A key part of the Fed’s WWII strategy was relying on the banks to buy long-term bonds. Banks were especially important because the Fed could impact their liquidity position directly through its policy, and credible commitment to the rate structure ensured that they’d be incentivized to use their liquidity to buy bonds. From the Fed’s 1942 annual report:

“As has been indicated, commercial banks are certain to be called upon to take a share of the public debtin the next two years, and the Federal Reserve authorities will have to provide the necessary reserves. This could be done by having the banks borrow from the Federal Reserve Banks. To facilitate this, discount rates have been reduced, particularly for advances to banks on short-term Government securities. This should encourage the banks to feel free to make full use of their existing reserves with the assurance that in case they should run short they could get accommodation from the Reserve Banks at preferential rates. They could also obtain these funds by selling Treasury bills at the standing 3/8 per cent rate. A considerable amount of reserves will have to be provided, however, by other Federal Reserve purchases of Government securities, by reductions of reserve requirements, or by a combination of the two.”

As we’ve described previously, once rates are at zero and asset purchases have already squeezed risk premiums across financial markets, the most effective form of stimulation is for monetary policy to be coordinated with fiscal policy, or what we’ve called “MP3.” To avoid getting new liquidity stuck in cash, money is channeled into government bonds, and the government’s spending can proactively be directed into the real economy, providing effective stimulation.

In this way, the Fed’s WWII yield targeting program helped indirectly finance one of the biggest government fiscal deficit expansions ever. While this occurred in a total war context that transformed the economy, it is still instructive as to the power of such policies both to control yields and to support and revitalize the economy. In the WWII case, it was this stimulus that finally propelled the economy out of the Depression era. You can see how issuance ballooned to fund the war effort (left chart), such that government debt rose by around 70% of GDP by war’s end (right chart).


Of course, the net stimulative impact of the war for the US depended significantly on the facts that it was overwhelmingly not fought on US soil and that the US emerged as a significant victor—for the countries that lost the war (like other major conflicts), the human and economic costs were massive. In World War II, Germany’s and Japan’s GDP per capita fell by at least half, and their currencies collapsed in the aftermath of the war, as the charts below show.


Regulations and Taxes

We should talk about various types of controls and taxes because we could see versions of these develop if this “war” intensifies.

In addition to the big fiscal spending and big monetizations of debt, policy makers in WWII introduced a series of controls. These controlled the economic behavior of private individuals and companies in order to direct needed resources to the war effort, including rationing, production controls, price and wage controls, and import and export controls. In addition to controls on economic activity, there were major restrictions on assets and markets in the US and all other combatants, which involved confiscatory levels of taxation at the same time as there were FX controls to keep money from leaving and restrictions on what assets one could hold (for example, in the US and many other combatant countries it was illegal for private individuals to hold gold). For the limited foreign trade that still occurred, it remained near-impossible to convert the currencies involved—for example, the UK obligated its trading partners, mostly Commonwealth countries, to hold any surpluses from trade in pounds sterling.

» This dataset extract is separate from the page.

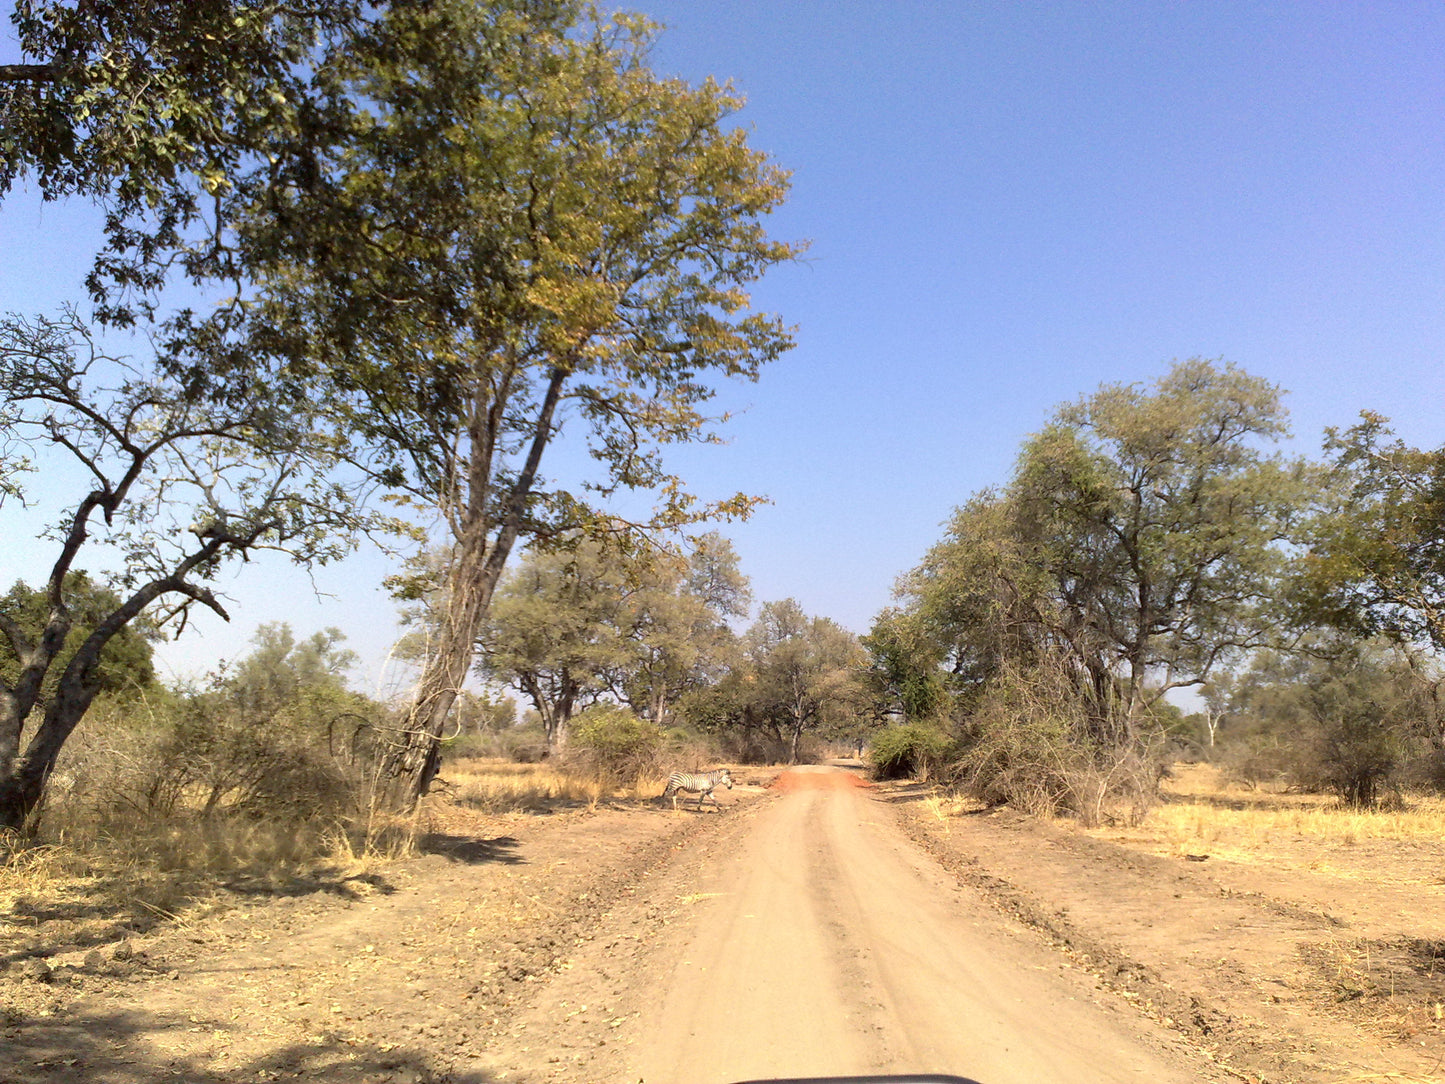 ZAMBIA " NATURA INCONTAMINATA" 20 GIORNI SELF DRIVE
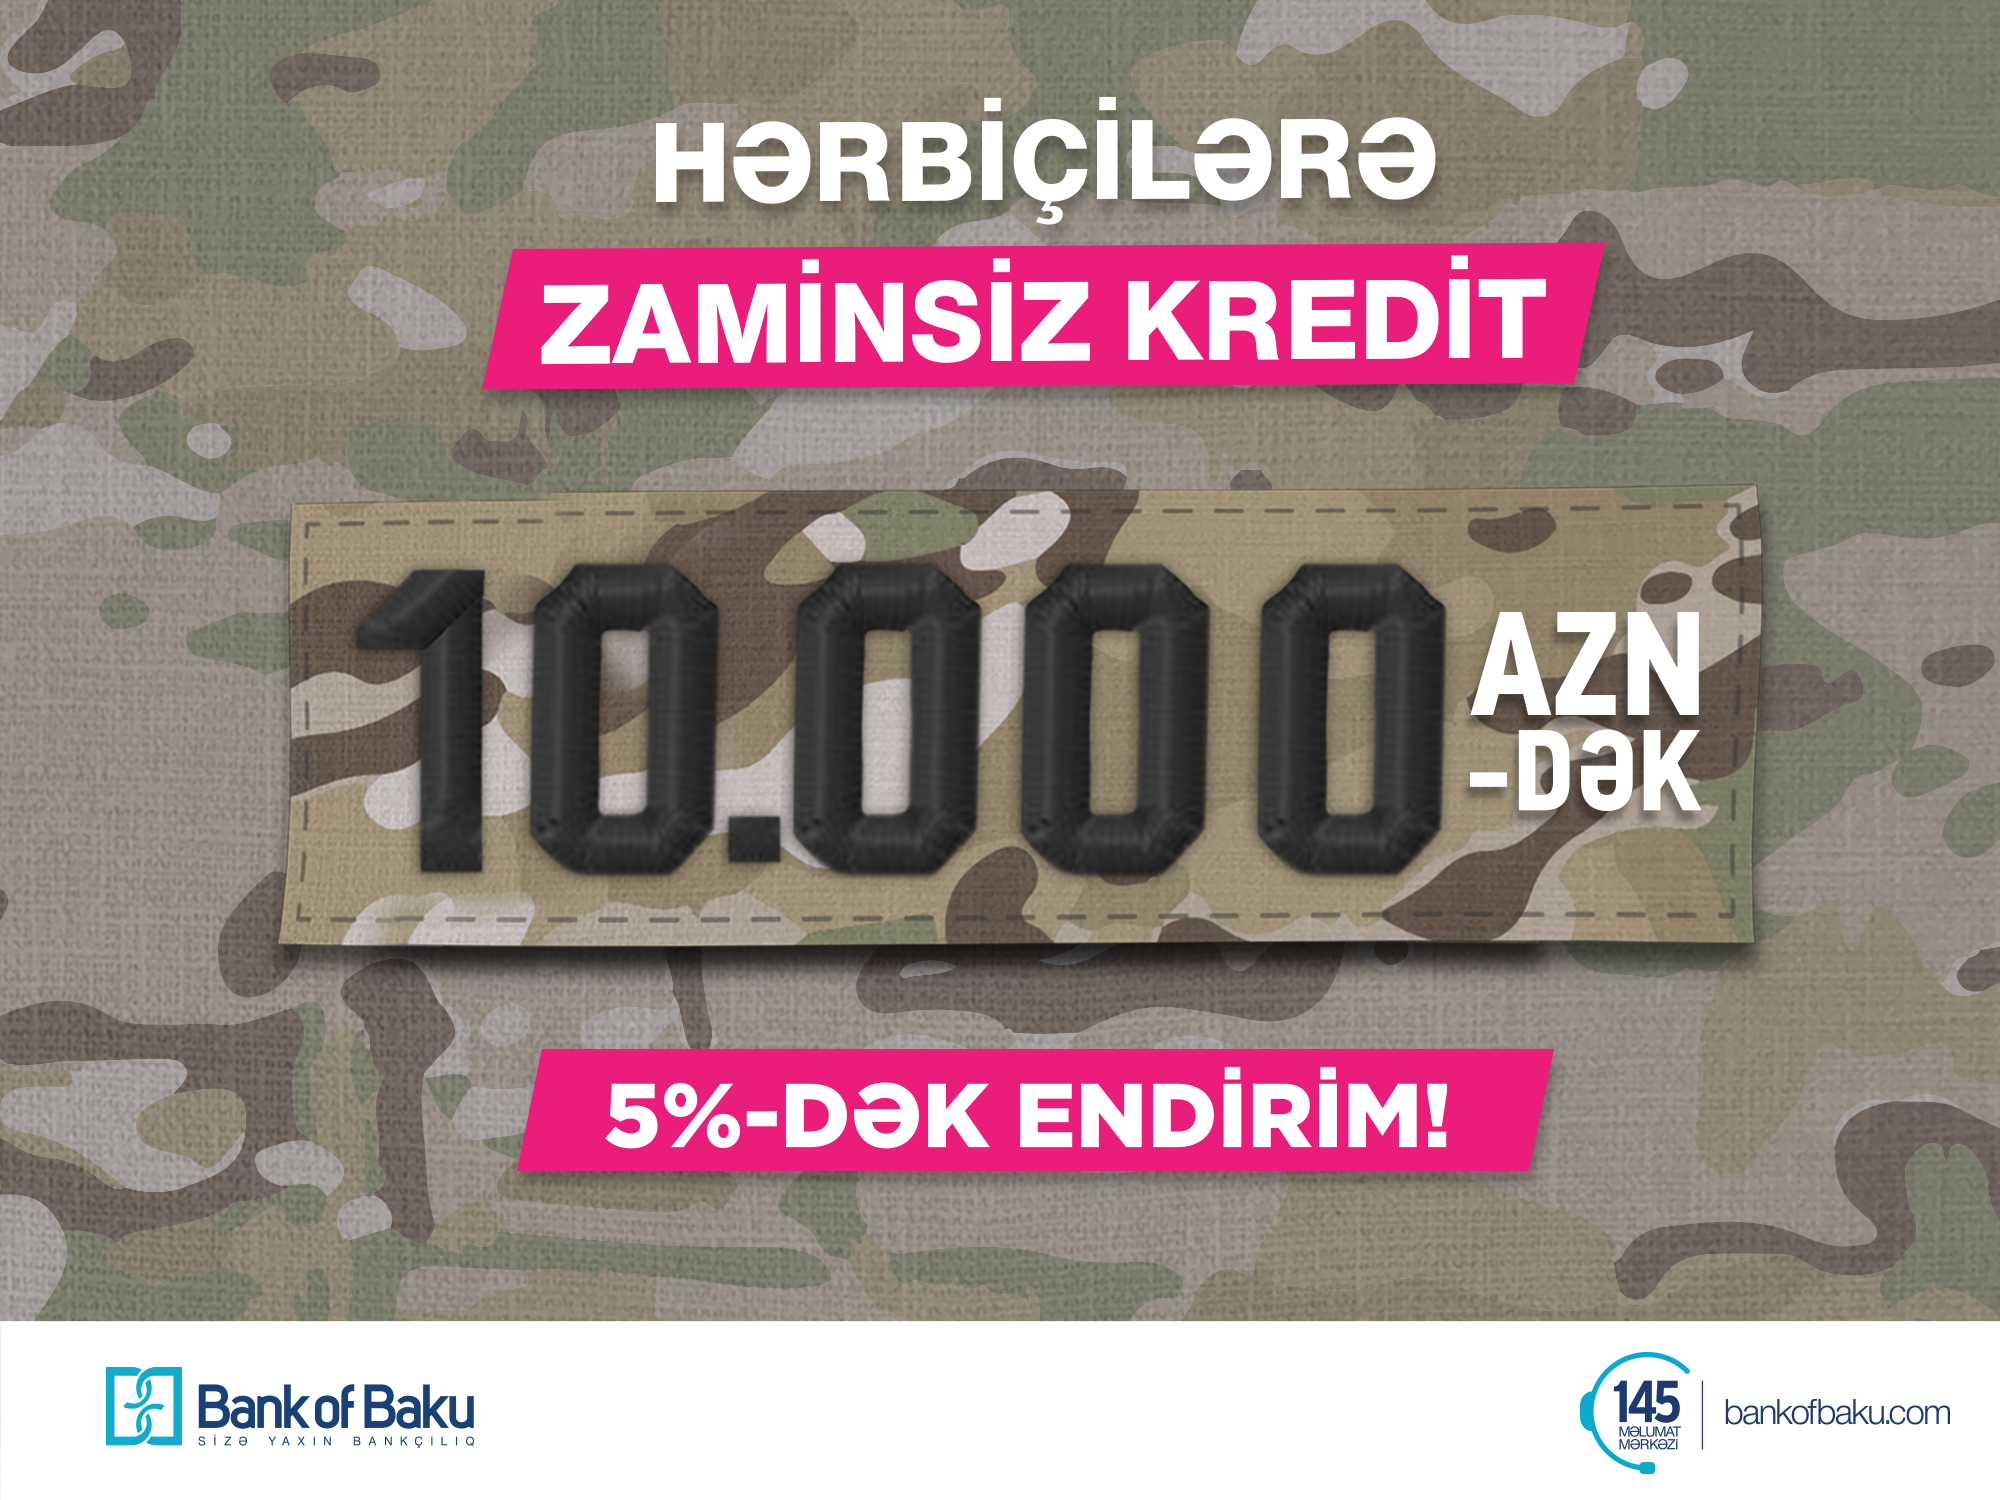 Bank of Baku-dan HƏRBİÇİLƏRƏ “10.000 AZN-dək ZAMİNSİZ KREDİT və 5%-dək ENDİRİM”!

Beyond these restrictions, the direct role of government in these economies expanded massively to fund the military. The chart below gives a picture of the degree of government spending ramp-up that happened across the combatants.


In the US, to meet this huge production need, Roosevelt had to totally retool the economy to shift toward wartime production. He instituted a number of policies to facilitate this, starting even before the US’s official entry into the war:

  • At first, US policy makers began by using trade controls to support the Allies. In March 1941, Congress passed the Lend-Lease Act, which allowed Allied nations to request supplies from the US government while postponing payment until after the war (or in some cases avoiding payment entirely). In addition, it passed a series of restrictions on trade with Japan (including an embargo of scrap iron and oil in 1940 and a freeze of Japanese assets in July 1941).
  • After the bombing of Pearl Harbor in December 1941, the government implemented most other classic wartime restrictions, like price and wage controls. To facilitate this retooling of the economy, Roosevelt created the War Production Board in January 1942, which had the power to allocate scarce resources and order that plants be converted as needed. War procurement was largely done on a cost-plus-a-fixed-fee basis versus competitive bidding, to explicitly incentivize high production versus efficient production. In addition, low interest rate loans were provided by the government to finance retooling factories.

Let’s now look at how the World War I deficits were created and monetized.

Two Other Cases

During World War I

Financing for WWI across the major participants was similar to WWII with money printing comprising around a fifth of the financing for the US and UK, and with those countries tilting a bit more toward borrowing and a bit away from raising taxes compared to WWII.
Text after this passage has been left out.